Spiros Bousbouras said:
Aditya said:
I am using a line of as
char recvedValues[ROWS][COLUMNS] = {'\0'};
in my code. I get a warning as near initialization for
recvedValues[0].
I am using gcc 3.4
Can anybody please explain the meaning.
Google for it... Or RTFM perhaps.
Perhaps he did Google for it. I did and the only match I
get is this thread. As for the manual does the GCC manual
explain the rationale for warnings ? As a matter of interest
does any compiler manual do that ?
Googling for the actual message, rather than for a paraphrase of it,
might have been more successful. The phrase "near initialization", as
it turns out, isn't a description of the problem, just of where in the
code the problem occurs. The OP managed to give us the piece of the
puzzle that mattered least.
In this case, though, it's likely that neither a Google search nor the
gcc documentation would have provided the explanation that's already
been given in this thread. The OP's error was not necessarily failing
to search elsewhere, it was failing to provide enough information,
specifically the *exact* code and warning message, copy-and-pasted.

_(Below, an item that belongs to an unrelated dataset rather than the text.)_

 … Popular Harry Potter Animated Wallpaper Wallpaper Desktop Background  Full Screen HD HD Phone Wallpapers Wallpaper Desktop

(Ideally, he could also have mentioned that he had tried Google and
"info gcc" and not gotten an answer, but I'm not going to complain
about that. I like to see questions that are as complete as possible,
and I'll provide advice on how to ask good questions, but I'm not
going to insist that everyone must post perfect and complete questions
every time.)
As I said elsethread, I tried this code:
#define ROWS 3
#define COLUMNS 3
char recvedValues[ROWS][COLUMNS] = {'\0'};
with "gcc -Wall" and got this:
c.c:3: warning: missing braces around initializer
c.c:3: warning: (near initialization for 'recvedValues[0]')

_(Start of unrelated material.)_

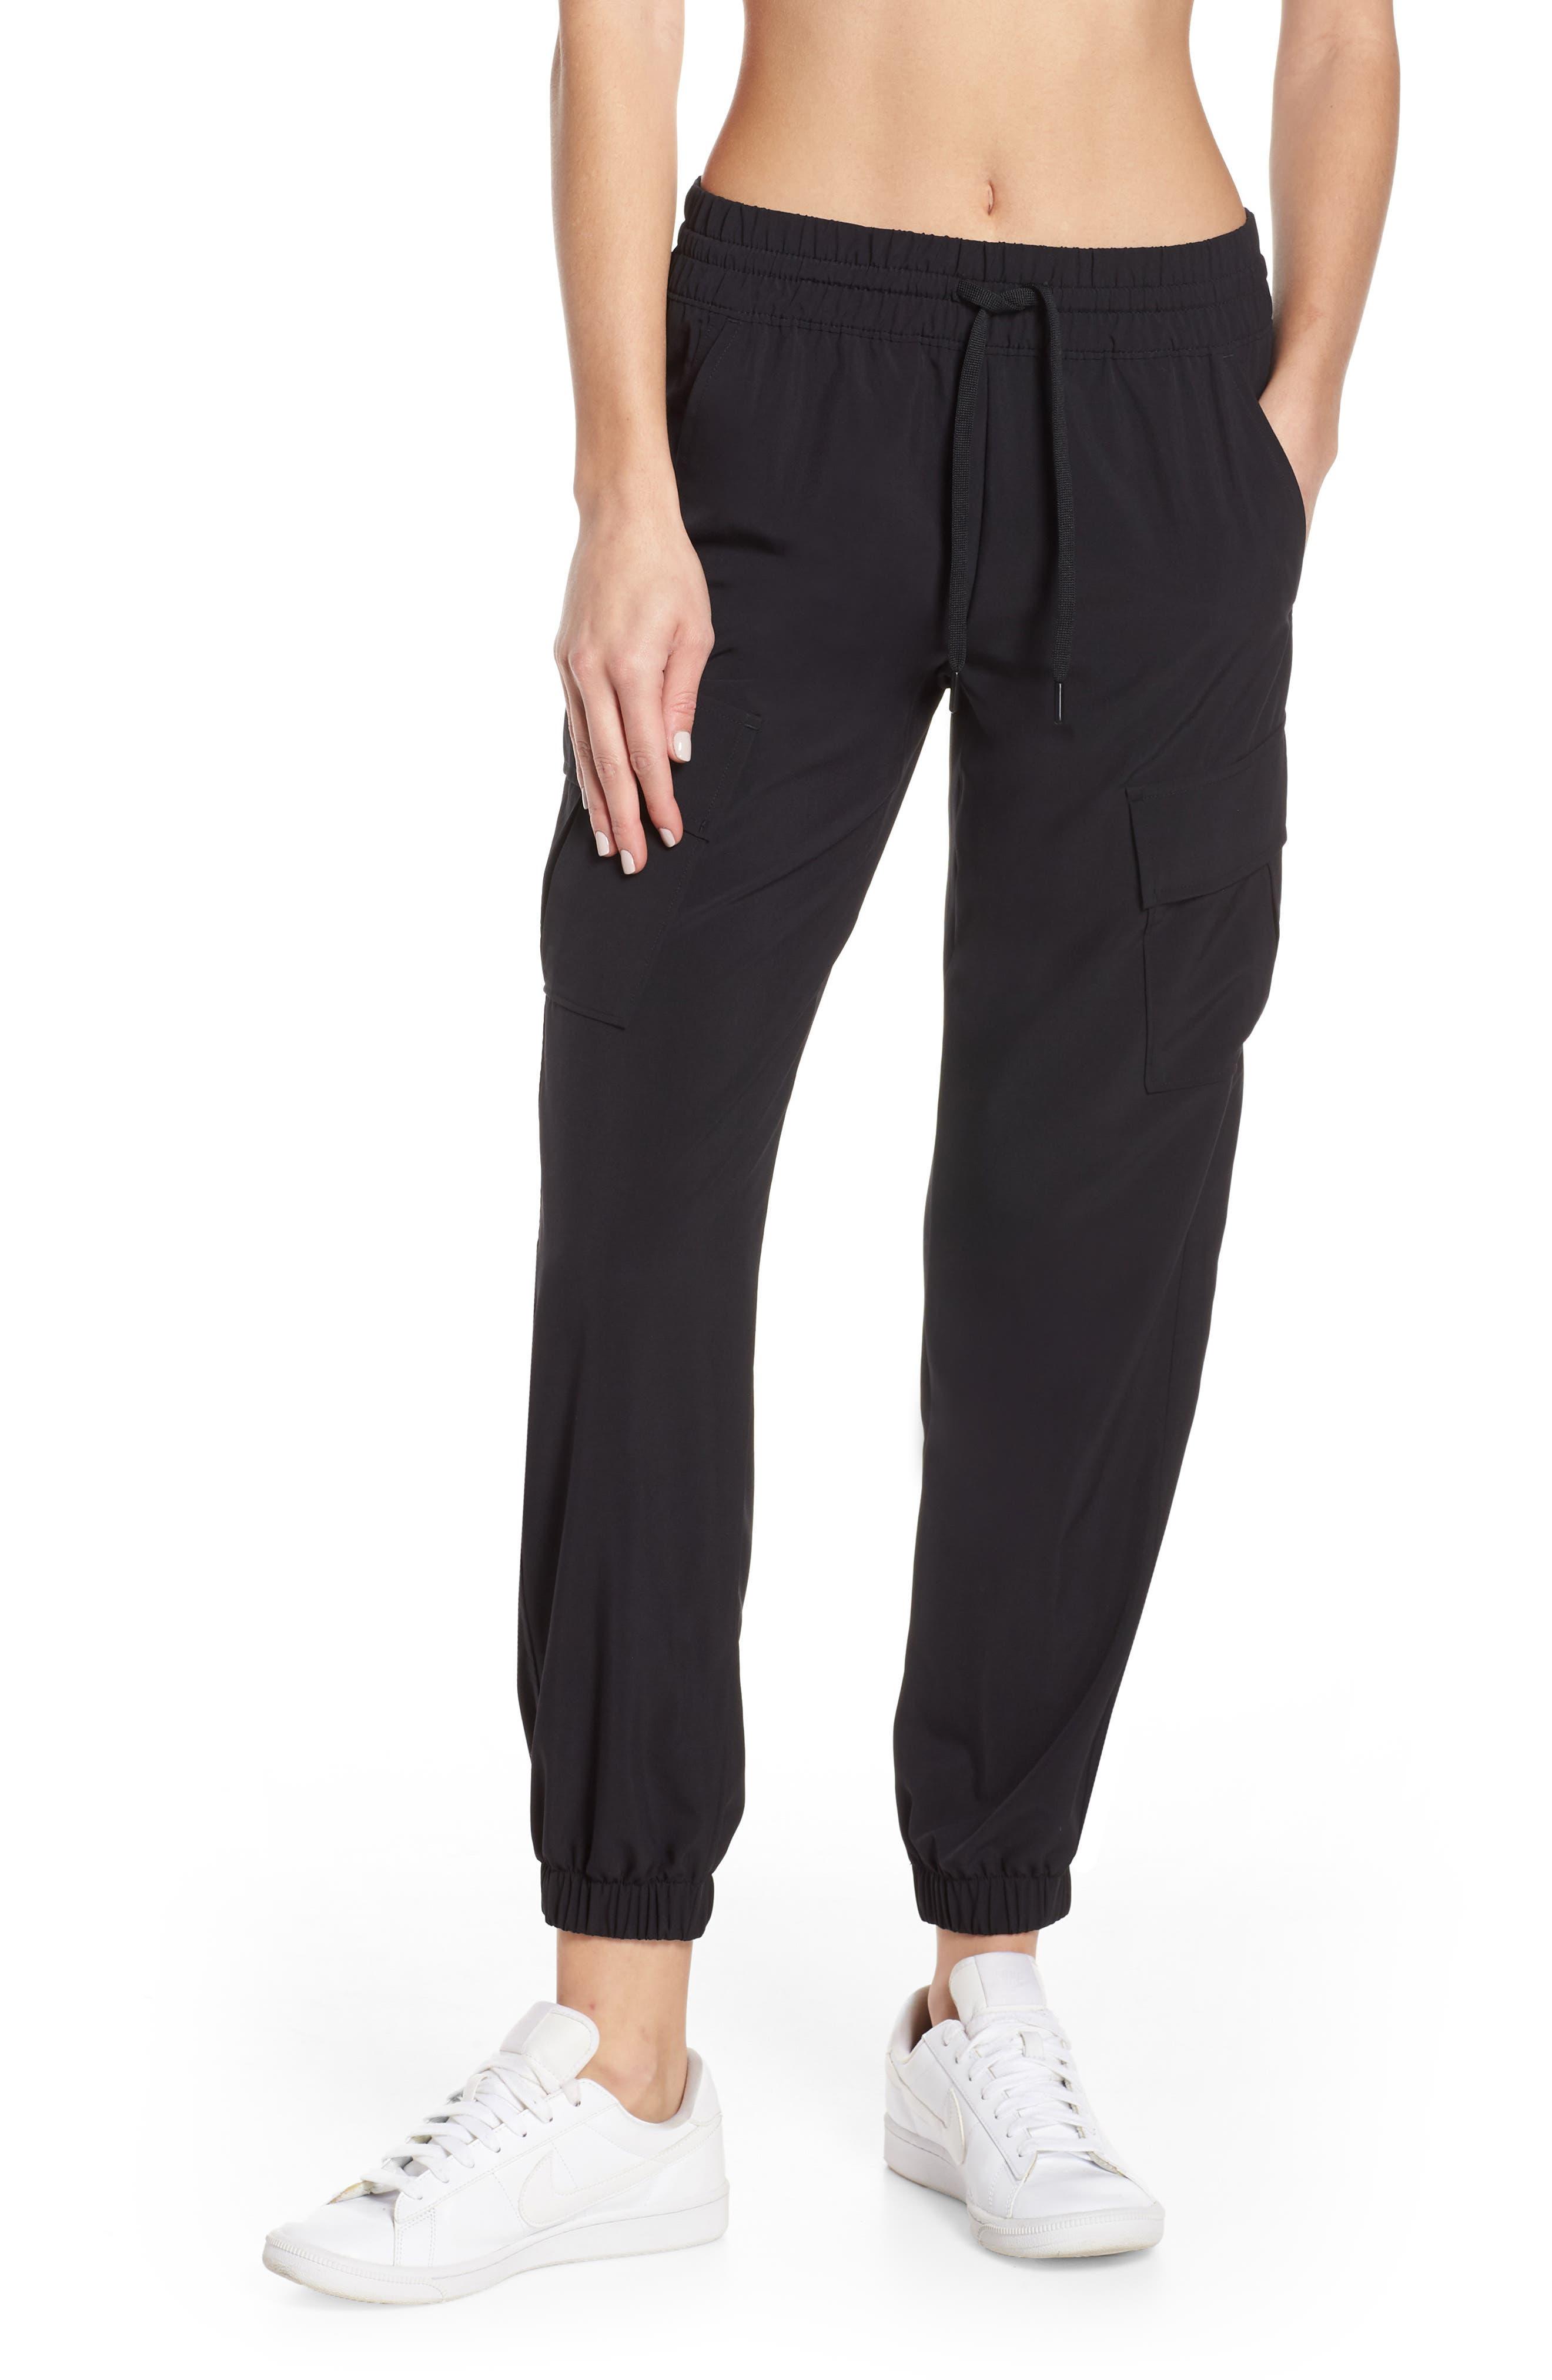 ZELLA Urban Cargo Jogger Pants, Main, color, BLACK

gcc is asking for a fully braced initializer, even though it's not
necessary. That's an issue that's entirely appropriate for discussion
in comp.lang.c (and we've been discussing it in this thread).
So IMHO Mark Bluemel's response ("Google for it... Or RTFM perhaps.")
wasn't quite right -- but I'm not flaming him for that. We all make
mistakes, and the OP's question was answered.
Another thing I probably should have mentioned is that in an array
initializer with a single value, such as
... = {'\0'};
that value is not propagated to the other elements of the array.
You might expect this:
int arr[5] = { 42 };
to be equivalent to
int arr[5] = { 42, 42, 42, 42, 42 }; /* nope */
but in fact it's equivalent to this:
int arr[5] = { 42, 0, 0, 0, 0 };
Elements whose values aren't specified are set to zero. It doesn't
happen to matter for the OP's code, but since the initializer {'\0'}
does set all the elements to '\0', it would be easy to draw the wrong
conclusion. For this reason, I prefer the idiom ``{ 0 }''; it seems
slightly less misleading.
Finally, this is a good resource:
http://www.catb.org/~esr/faqs/smart-questions.html